The company also lowered its 2012 forecast. Its shares fell nearly 5 percent in midday trading.

Net income fell to $31.7 million, or 32 cents per share. That compares with net income of $40.3 million, or 37 cents per share, last year. Excluding one-time times related to debt refinancing, net income totaled 33 cents per share, matching analyst expectations, according to FactSet.

Revenue rose 2 percent to $435.3 million from $425.1 million last year. Analysts expected revenue of $431 million.

Management revenue from federal contracts rose nearly 4 percent to $189.3 million, due to higher inmate populations and contractual rate increases for some contracts. Revenue from state contracts rose nearly 1 percent to $215.8 million. Higher inmate populations in Ohio due to a newly acquired prison was offset by the company's decision in 2011 not to renew the contract for 900 beds at a facility in Florence. There the company replaced state inmates with those from the U.S. Marshals Service.

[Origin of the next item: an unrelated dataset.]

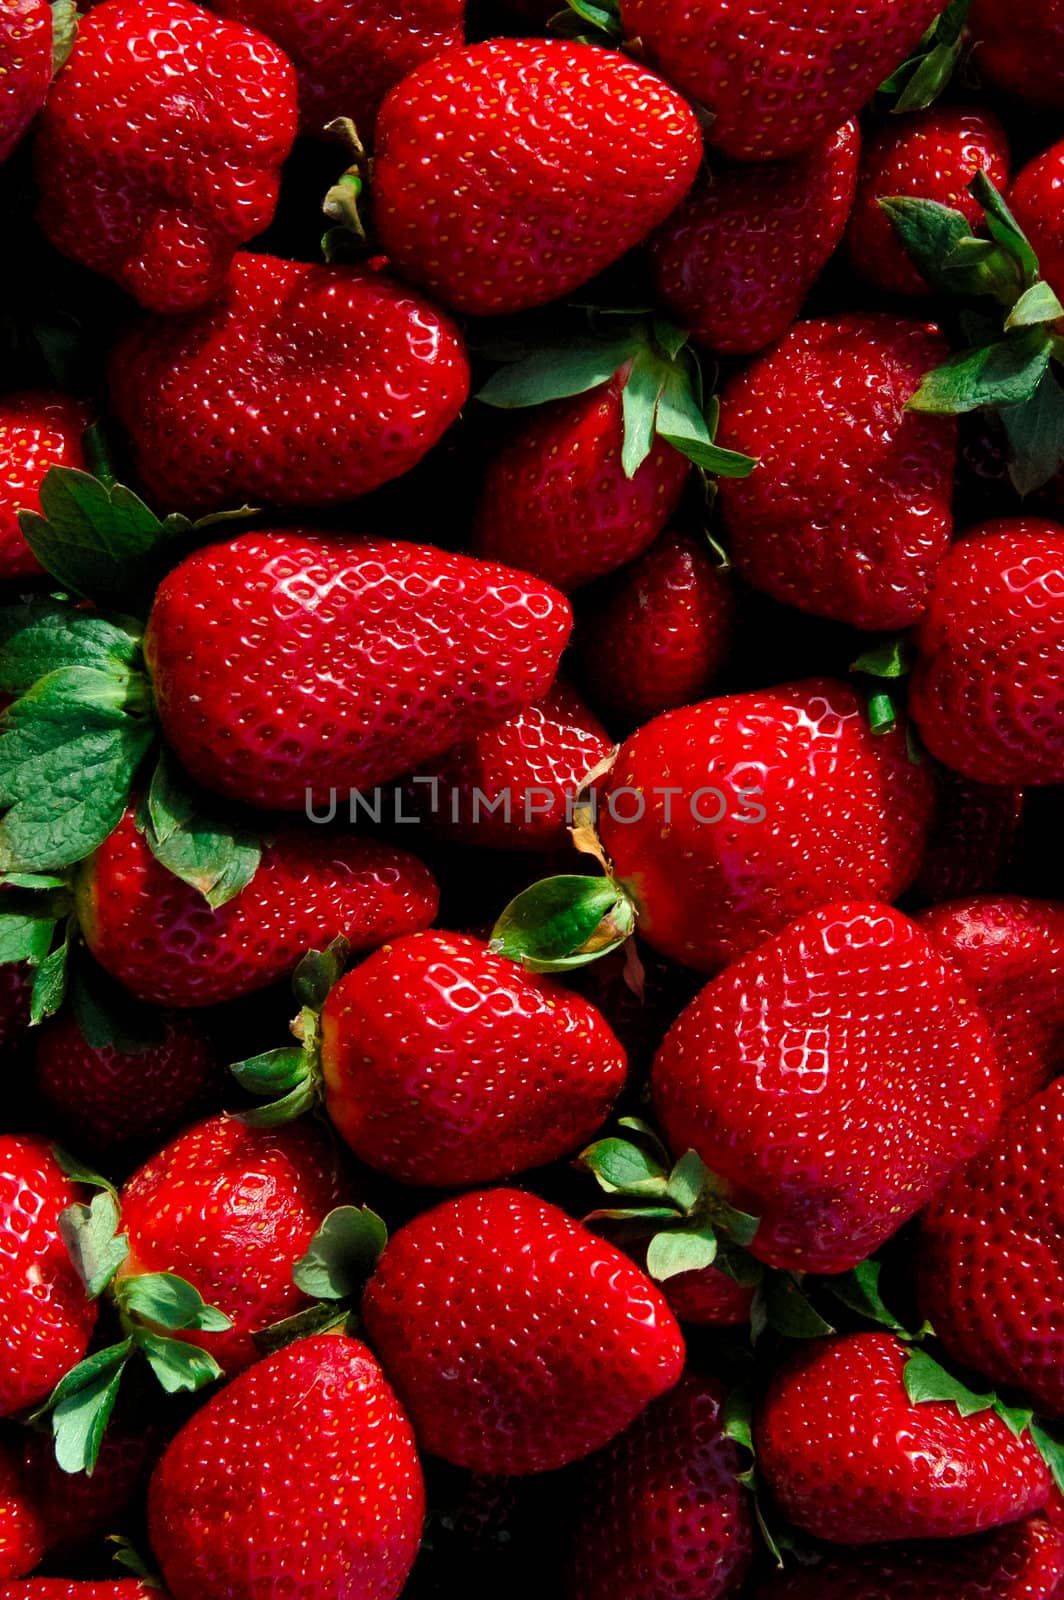 Fresh Strawberries at the market

The company also had lower inmate populations in Washington, D.C., and Colorado.

Corrections Corp of America expects second-quarter net income between 36 and 37 cents per share. Analysts expect net income of 41 cents per share.

The company now expects full-year net income to be $1.53 to $1.61 per share, down from a previous estimate of $1.60 to $1.70 per share.

The lower guidance is due to a decline in U.S. Marshals populations, which began late in the fourth quarter and have not rebounded as expected, lower inmate population in Georgia and higher insurance claims.

The earnings came as the company said it is considering converting to a real estate investment trust. That structure would allow Corrections Corp. to own its own prisons rather than just managing them.

Shares fell $1.36, or 4.7 percent, to $27.65 during midday trading. The stock is up 42 percent since the beginning of the year.